In order to constitute grossly indecent behavior, the acts must be overt in the sense that they are open and perceivable. The motivation for the behavior can be inferred from the totality of the circumstances and should be considered case by case. Jones, supra at 602, 563 N.W.2d 719. Clearly, it is easier to establish the sexual motivation for the behavior if the act in issue involves sexual intercourse, oral sexual stimulation, masturbation, or the touching of another person's genitals or anus. Nonetheless, the sexual nature of the activity can be inferred even in the absence of such behavior.
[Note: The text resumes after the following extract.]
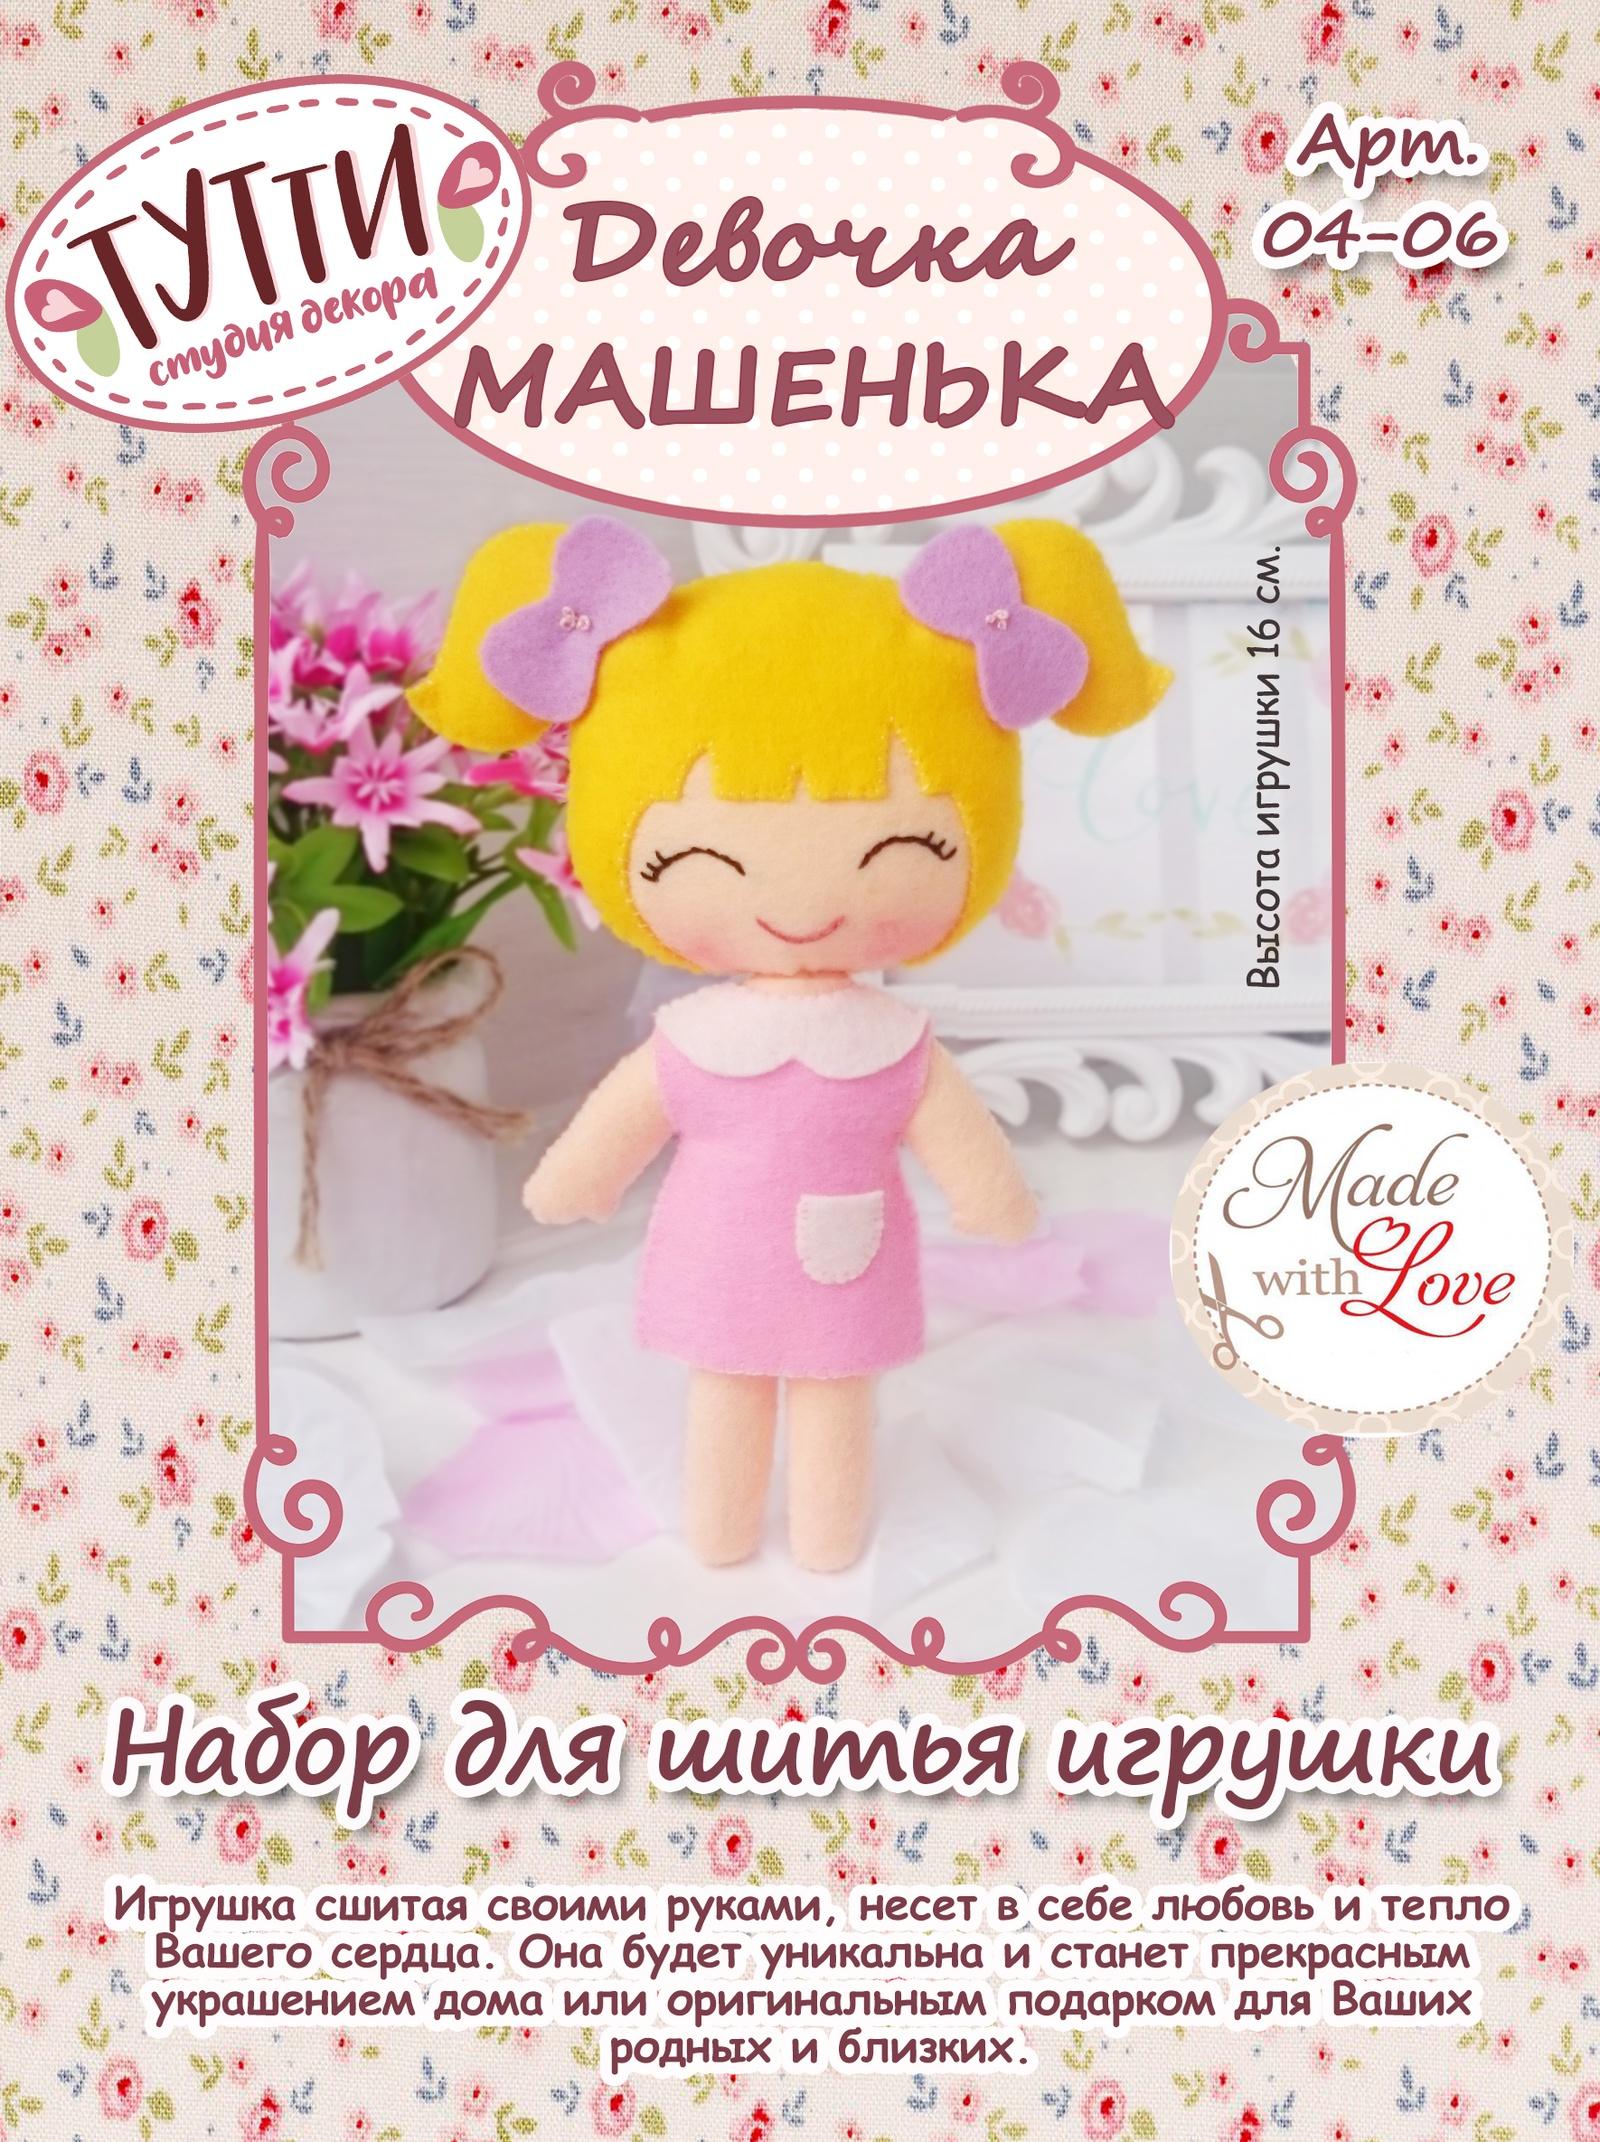 """Набор для изготовления игрушки Тутти """"Девочка Машенька"""", 04-06"""

After reviewing the evidence presented at the preliminary hearing, we conclude the district court abused its discretion in failing to bind over defendant on three counts of gross indecency. The evidence showed that from June 1998 to December *473 1998, defendant paid several minor females to engage in the behavior previously described. The three girls who testified at the preliminary hearing indicated that they had been approached by defendant and asked to participate in a "contest," for which they would earn points for engaging in these behaviors. Usually, these activities took place inside defendant's home. The evidence shows that there were numerous instances of such contact. One girl testified that she was at defendant's house between thirty and forty times during those approximately seven months. The other two testified that they were at the house somewhere between ten and twenty times. There was also testimony that defendant "got high" from this contact, and that he "liked it." While not necessarily constituting proof beyond a reasonable doubt, we do believe that this evidence and the reasonable inferences drawn therefrom are "`sufficient to cause a person of ordinary prudence and caution to conscientiously entertain a reasonable belief'" that the crime of gross indecency was committed and that there was probable cause to believe defendant committed it. People v. Justice (After Remand), 454 Mich. 334, 344, 562 N.W.2d 652 (1997), quoting Coleman v. Burnett, 155 U.S. App DC 302, 317, 477 F.2d 1187 (1973). Reversed and remanded to the circuit court for further proceedings consistent with this case. We do not retain jurisdiction.
NOTES
[1] It is clear to us from the transcript that when questioned regarding whether defendant "sexually gratified" himself, the phrase, "sexually gratified," was a euphemism for masturbation. Also, it seems clear from the context that the questions posed on overt sexual touching were understood to be addressing whether there had been any sexual touching of genitalia, the anus, or any other more common sexual contact of which a minor child might have knowledge.
[2] The circuit court focused on that portion of the consolidated cases in Lino addressing this Court's opinion in People v. Brashier, 197 Mich.App. 672, 496 N.W.2d 385 (1992), aff'd. in part and rev'd in part in Lino, supra.